On their way to the Superdome, passing bodies floating in the floodwaters, the women ran into New Orleans' then-police chief and told him they were paramedics.
"They took us to their hotel and got us a vehicle to take us to Houston," Kitagawa recalled. "We were so grateful to them. They treated us so well."
Five days after Katrina hit, Kitagawa and the rest of the group left New Orleans, but the memories have stayed.
Shiraki and Kitagawa returned to New Orleans earlier this year for the Sugar Bowl, when thousands of Hawaii fans watched the University of Hawaii football team play for the first time in a major bowl game.
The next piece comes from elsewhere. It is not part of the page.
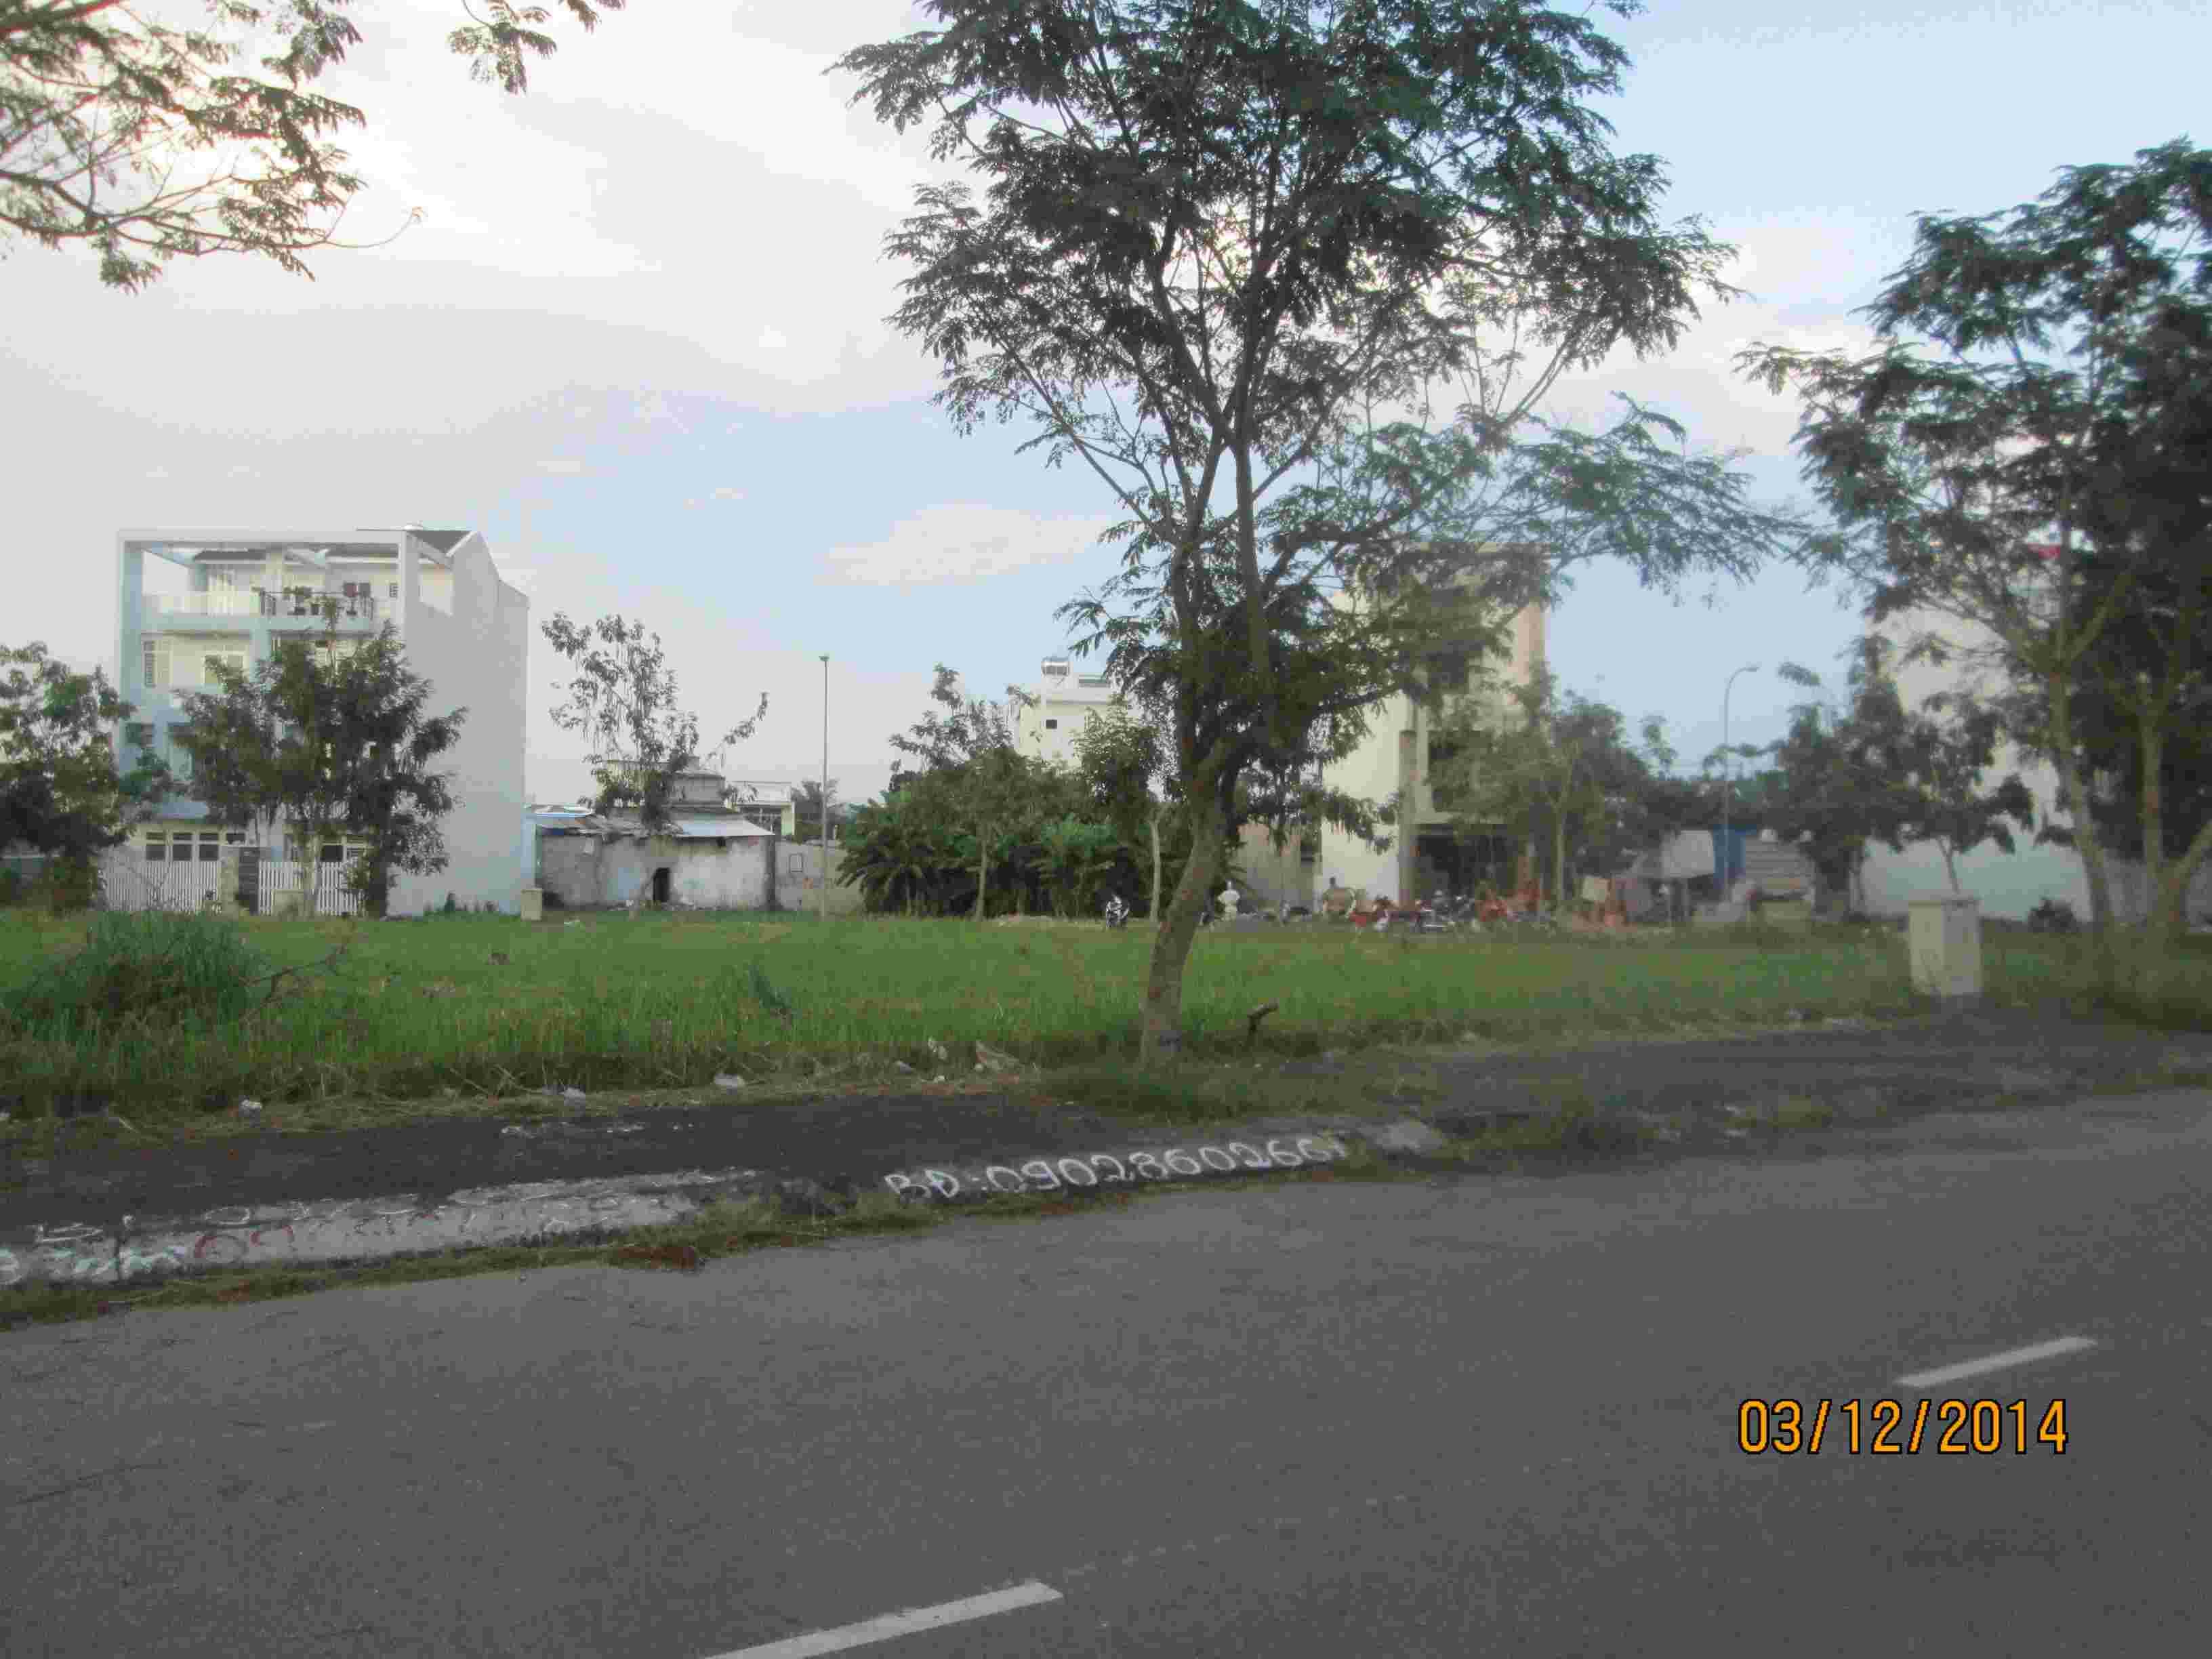 Bán đất nền biệt thự Sadeco Phước Kiển A, mặt tiền đường 16m, lô F6, 200m2, giá 52 triệu/m2. LH:0913.050.053

"It was great to go back," Kitagawa said. "I wanted to see the changes. There were parts that weren't fixed, but it's a beautiful place. We were planning on going back again. We just don't know how different it could be after this."
Andy Winer, a local attorney who is also the leader of Hawaii's presidential campaign for U.S. Sen. Barack Obama, helped law students displaced when Katrina forced universities to shut down. Winer helped to accommodate 18 New Orleans law students, who received internships and free housing.
"It's kind of the same situation, almost identical to three years ago," Winer said yesterday from Las Vegas, where he is campaigning for Obama with U.S. Sen. Daniel Akaka. "If it turns out as bad as Katrina, I told Tulane University we'd be ready to help. We're a long way from New Orleans, but we have a history of helping."